Ex-federal IT worker charged in alleged ID theft scam

Fired employee had access to sensitive information on computers

A former IT analyst at the Federal Reserve Bank of New York and his brother were arrested Friday on charges that they took out loans using stolen information, including sensitive information belonging to federal employees at the bank.

Prosecutors allege that Curtis Wiltshire, 34, took out student loans totalling US$73,000 using the stolen information.

His brother, Kenneth Wiltshire, 40, is charged with using the identities of two federal employees to try and obtain a loan for a 2006 Sea Ray 340 Sundancer speedboat.

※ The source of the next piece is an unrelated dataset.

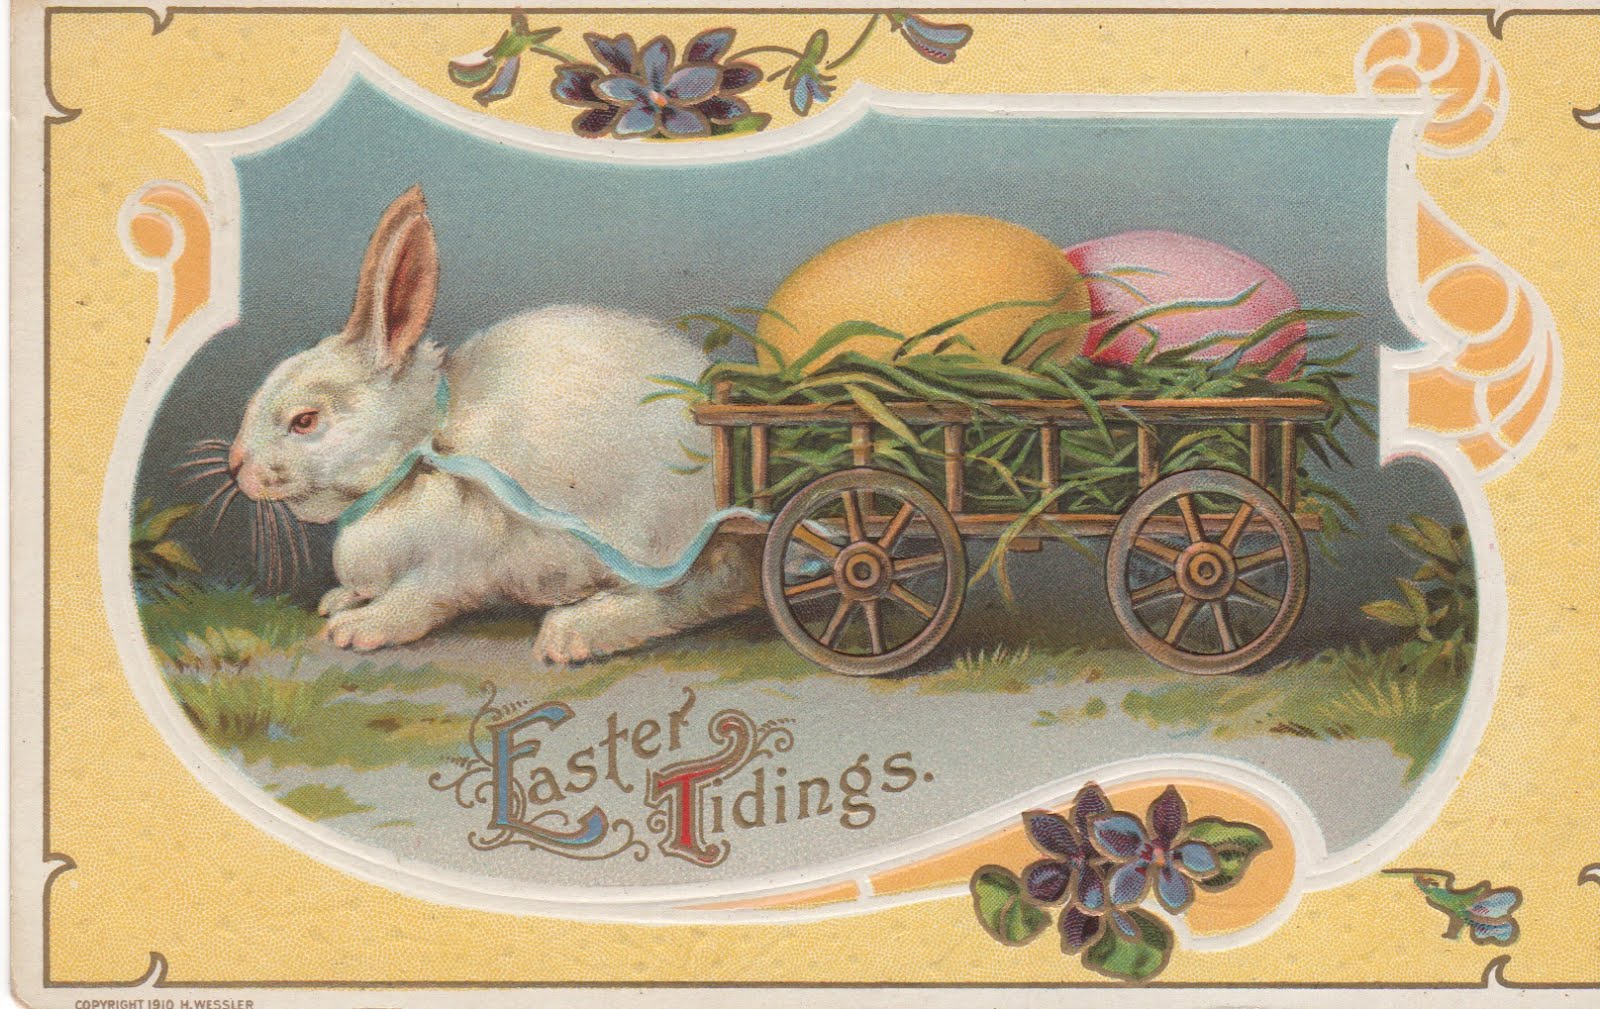 Timber Hill Threads Vintage Easter Greetings!

The charges (pdf) come two months after federal investigators found two 2006 student loan applications on a thumb drive attached to the work computer of Curtis Wiltshire, who had worked at the Reserve Bank for nearly eight years as an information and technical analyst.

According to court documents, that investigation was unrelated to the fraud charges. Wiltshire was dismissed soon after the drive was found on around Feb. 15, prosecutors said.

The charges were filed in the federal court in Manhattan. The two men could not be reached for comment Friday and the names of their lawyers were not included in the court documents.

Curtis Wiltshire had "access to computer files containing information about employees of the [federal bank], including their names, dates of birth, Social Security numbers, and photographs," U.S. Federal Bureau of Investigation Special Agent Cordel James said in an affidavit filed in the case.

Curtis Wiltshire was charged with bank fraud and identity theft and faces more than 30 years in prison if convicted.

His brother was charged with mail fraud and identity theft and faces a maximum of 22 years in prison.